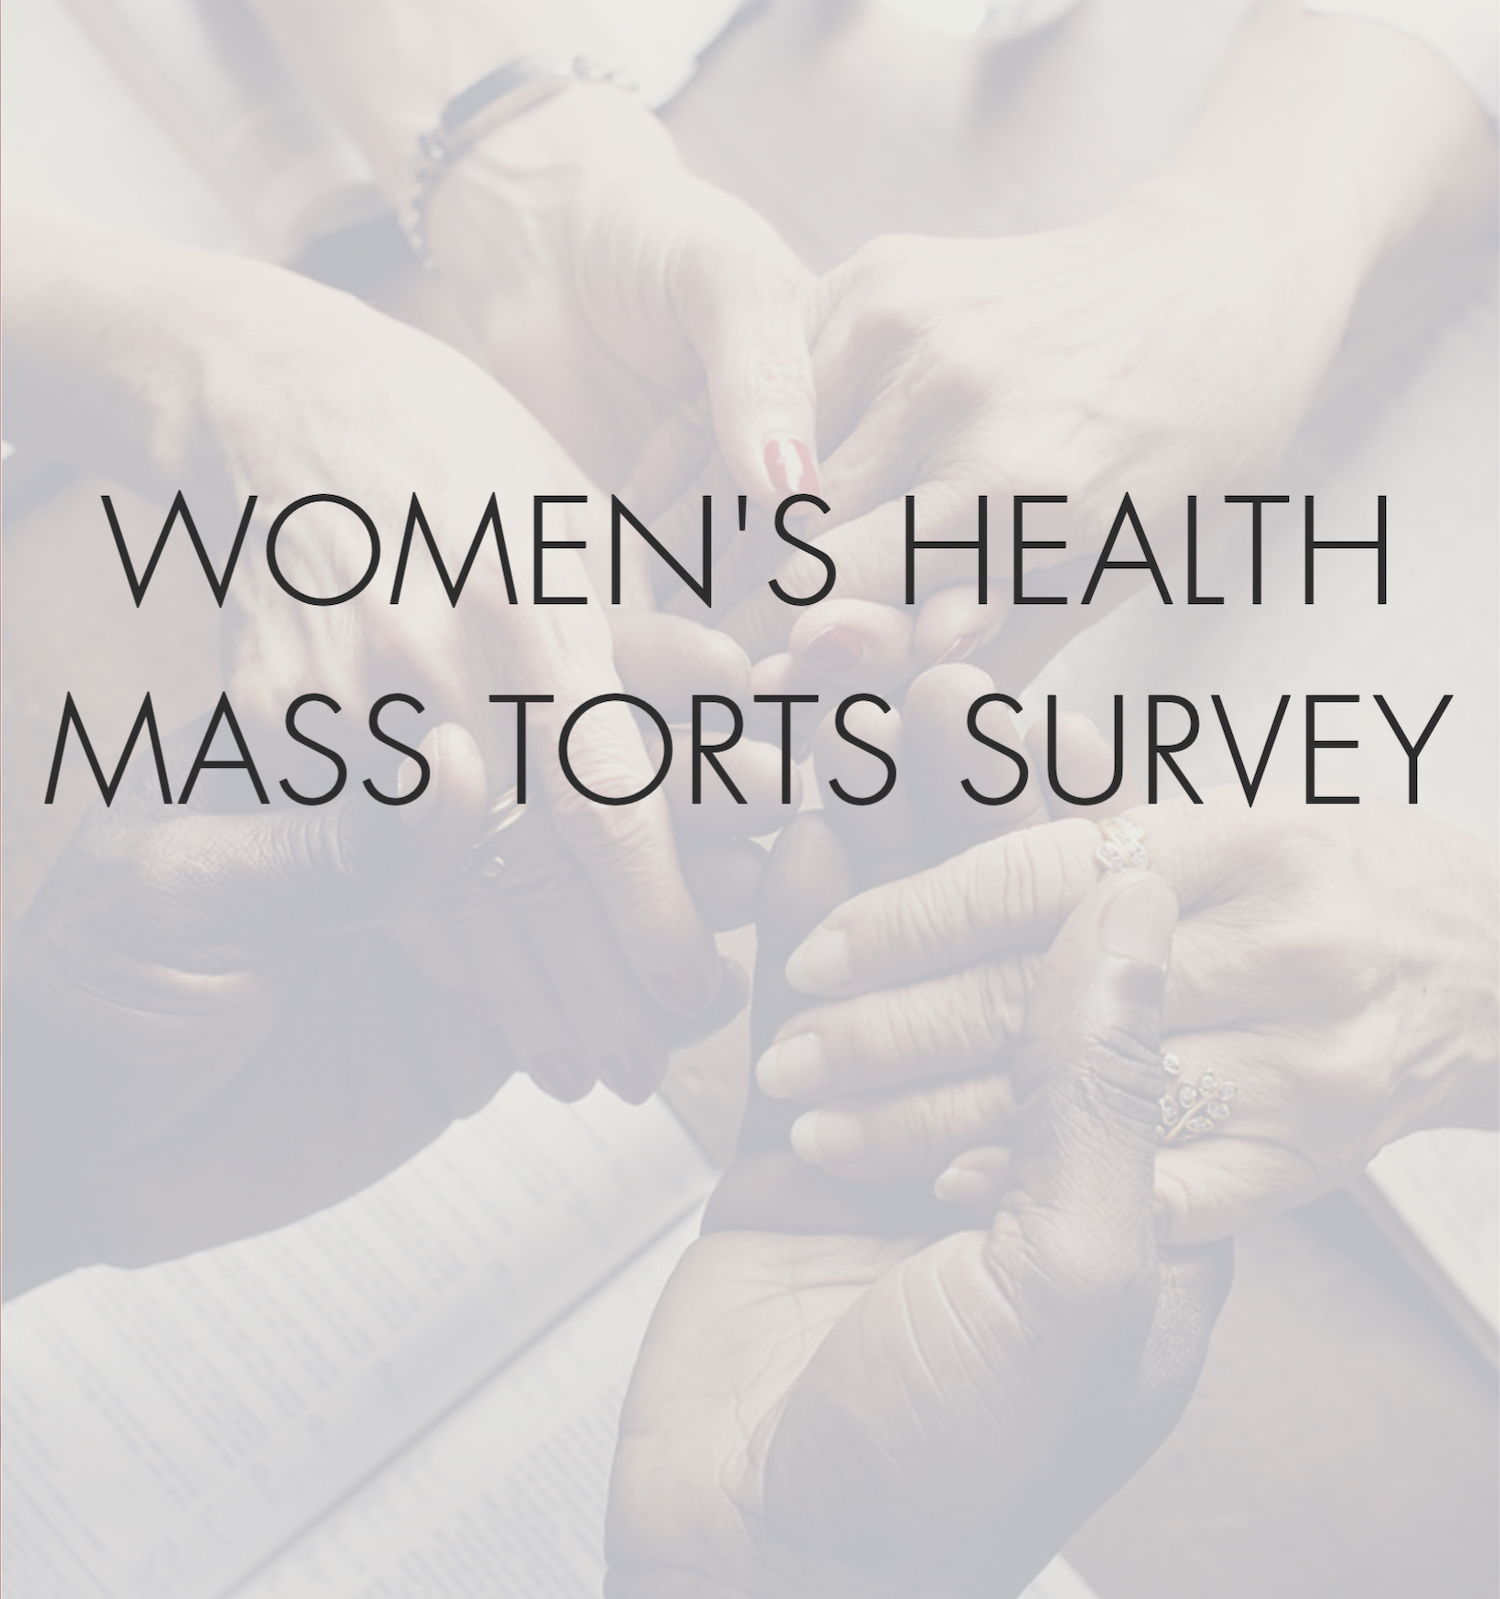 Mass Torts Survey
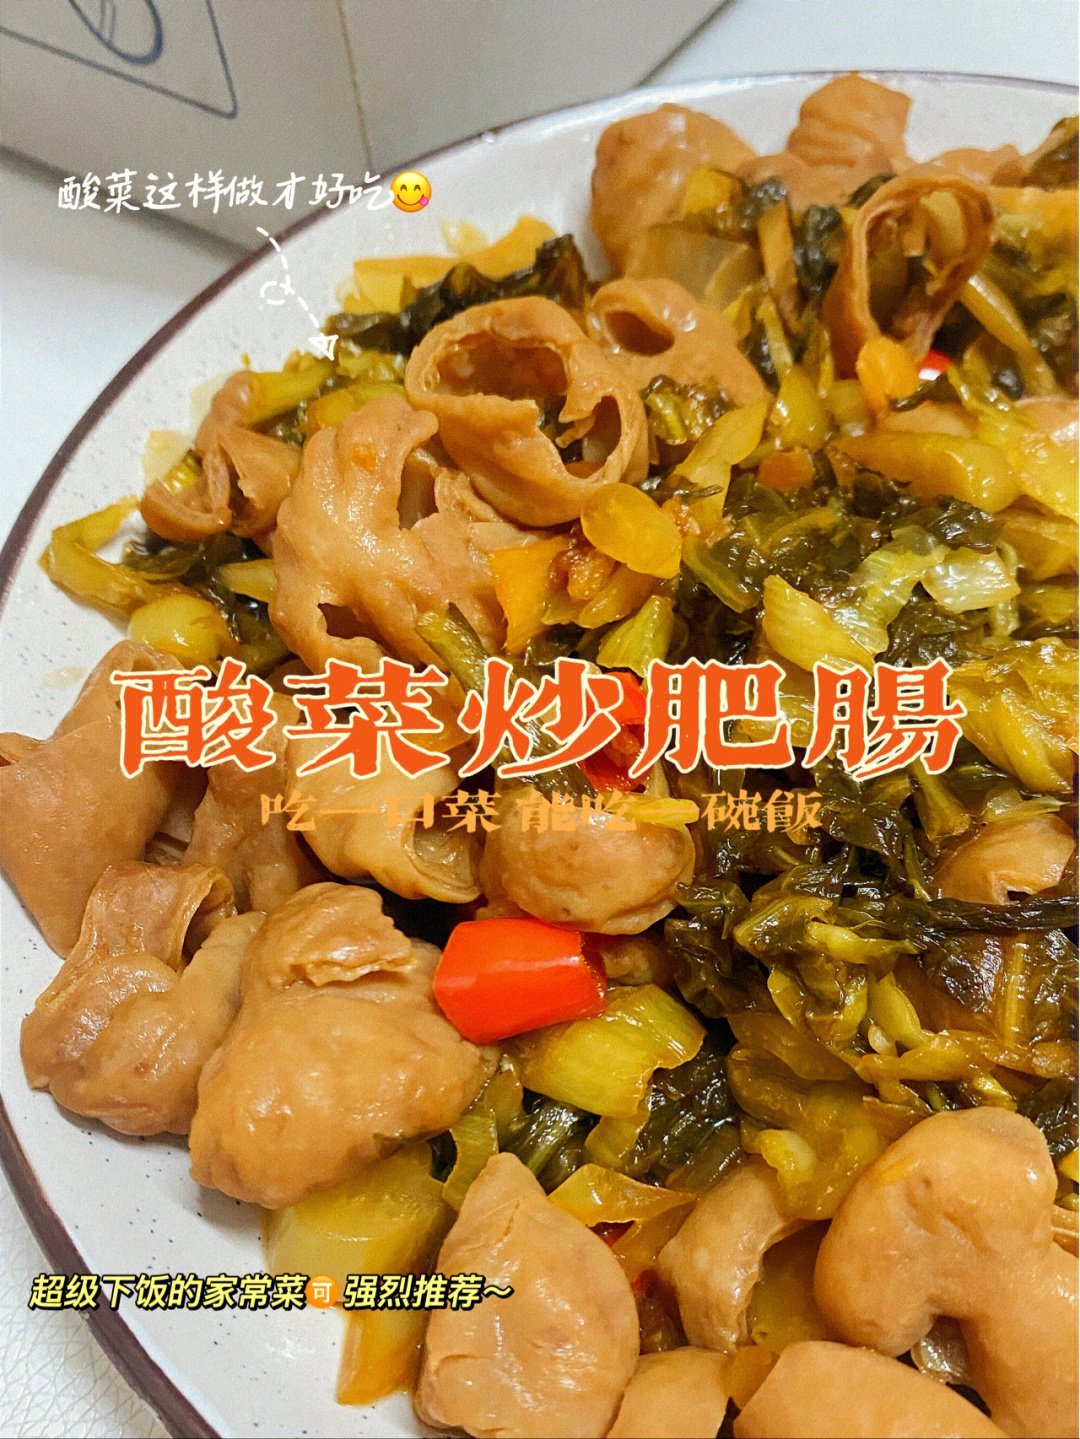 一口菜能让你吃一碗饭-7315准备食材:猪大肠,酸菜,蒜00姜,红
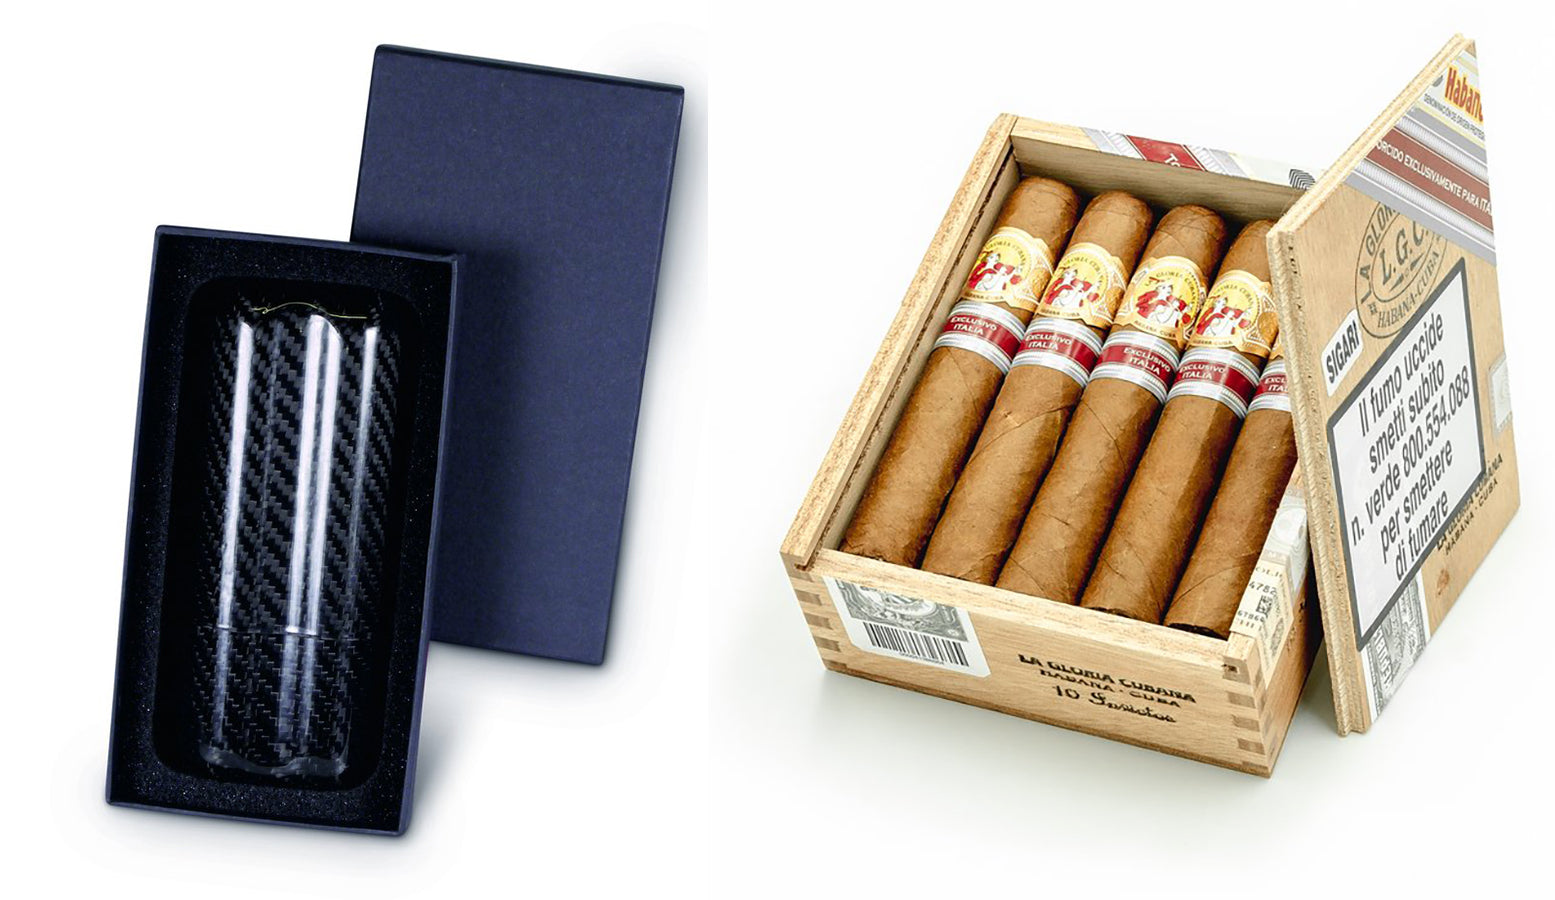 Zigarrenetui aus Kohlefaser La gloria cubana invictos cigar ex. italia 2018 EGm Zigarren

──────────────────────────────

EXERCISE DETAILS -
Provide the listing above once more, exactly, with the pictures removed.

TASK ANSWER -
 Mass Torts Survey
 一口菜能让你吃一碗饭-7315准备食材:猪大肠,酸菜,蒜00姜,红
 Zigarrenetui aus Kohlefaser La gloria cubana invictos cigar ex. italia 2018 EGm Zigarren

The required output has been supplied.